Assignment 2 - Video Presentation (35%)

Principal Component Analysis

TASK

For your video presentation, you must demonstrate your PCA analysis on the continuous features of the WACY-COM dataset and interpret the results. Submit the recording via the Panopto link on Canvas. Please ensure you follow the instructions  carefully.

The due date for this assessment is Friday of Week 6 on 4 April 2025 before midnight.

Perform PCA and Visualise Data

(i) First, copy the code below to a R script. Enter your student ID into the command set.seed(.) and run the whole code. The code will create a sub-sample of 400 that is unique to you.

#You may need to change/include the path of your working directory

#Import the dataset into R Studio.

dat <- read.csv("WACY-COM.csv", na.strings=NA, stringsAsFactors=TRUE) set.seed(Enter your student ID here)

#Randomly select 400 rows

selected.rows <- sample(1:nrow(dat),size=400,replace=FALSE)

#Your sub-sample of 400 observations

mydata <- dat[selected.rows,]

dim(mydata) #check the dimension of your sub-sample

(ii)  Extract  only  the continuous features and  the APT feature from  the  WACY-COM  dataset and store them as a data frame/tibble. Refer to Assignment 1 for the feature description if needed.

(iii) Clean the extracted data based on the feedback received from Assignment 1.

(iv) Remove the incomplete cases to make it usable in “R” for PCA.

(v)  Perform PCA using prcomp(.) in R, but only on the numeric features (i.e. ignore APT  in this step).

-     Explain   why   you   believe   the   data   should   or   should   not   be   scaled,   i.e. standardised, when performing PCA.

-     Display and describe the individual and cumulative proportions of variance (3 decimal places) explained by each of the principal components.

-     Outline how many principal components are adequate to explain at least 50% of the variability in your data.

-     Display and interpret the coefficients (or loadings) to 3 decimal places for PC1, PC2 and  PC3.  Describe  which  features  (based  on  the  loadings)  are  the key drivers for each of these three principal components.

(vi) Create and display the biplot for PC1 vs. PC2 to visualise the PCA results in the first two dimensions. Colour-code the points based on the APT feature. Explain the biplot by commenting on the PCA plot and the loadings plot individually, and then both plots combined (see Slides 28-29 of Module 3 notes). Finally, comment on and justify which (if any) features can help distinguish APT activity.

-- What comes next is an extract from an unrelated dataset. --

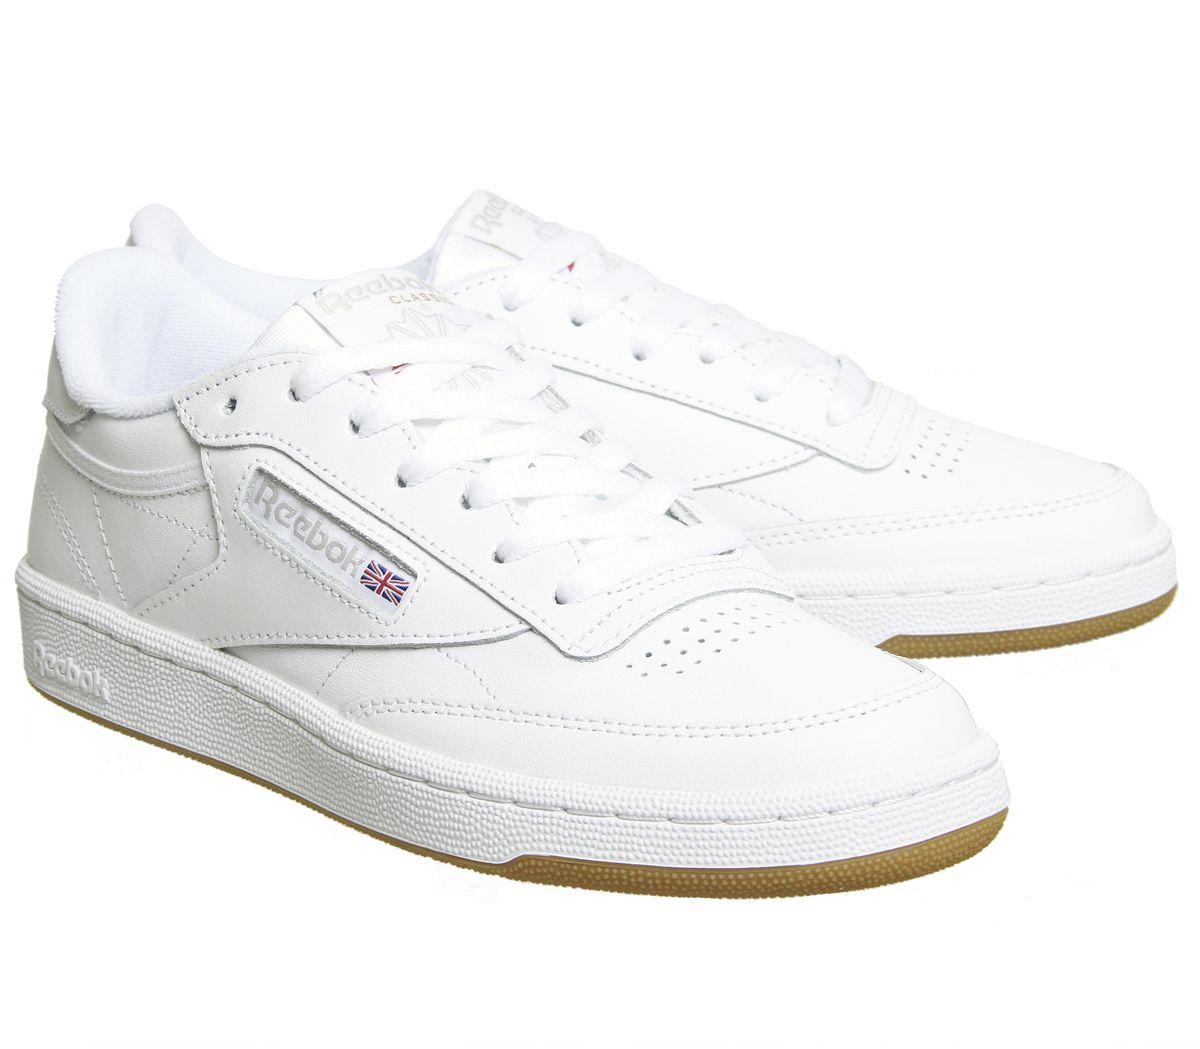 a12dc9b44fc Womens Reebok Club C 85 Trainers White Grey Gum Trainers Shoes

(vii)     Based on the results from parts (v) and (vi), describe

- whether PC1 or PC2 (choose one) best assists in classifying APT. Hint: Project   all points in the PCA plot onto the PC1 axis (i.e. consider the PC1 scores only) and assess whether there is a clear separation between known and unknown APT actors. Then, project onto the PC2 axis (i.e. consider the PC2 scores only) and evaluate whether the separation is better than in PC1. You can access the PCA scores for PC1 and PC2 via mypca$x, assuming mypca contains your PCA results from prcomp(.).

-     the key features in this dimension that can drive this process  (Hint: based on your decision above, examine the loadings from part (v) of your chosen PC and choose those whose absolute loading (i.e. disregard the sign) is greater than 0.3).

Video Presentation Checklist

1. In your video presentation, you must

a. Run your code corresponding to parts (i) to (vii) above

b. Display the relevant output

c. Interpret the output

2. Your video presentation must include a camera shot of yourself in the video

capture, unless there is an exceptional reason and is supported by a Learning  Assessment Plan (LAP). 20% is automatically deducted from your final mark if this is not included in your video presentation. If you choose to record with another application, you must make sure that this feature is included.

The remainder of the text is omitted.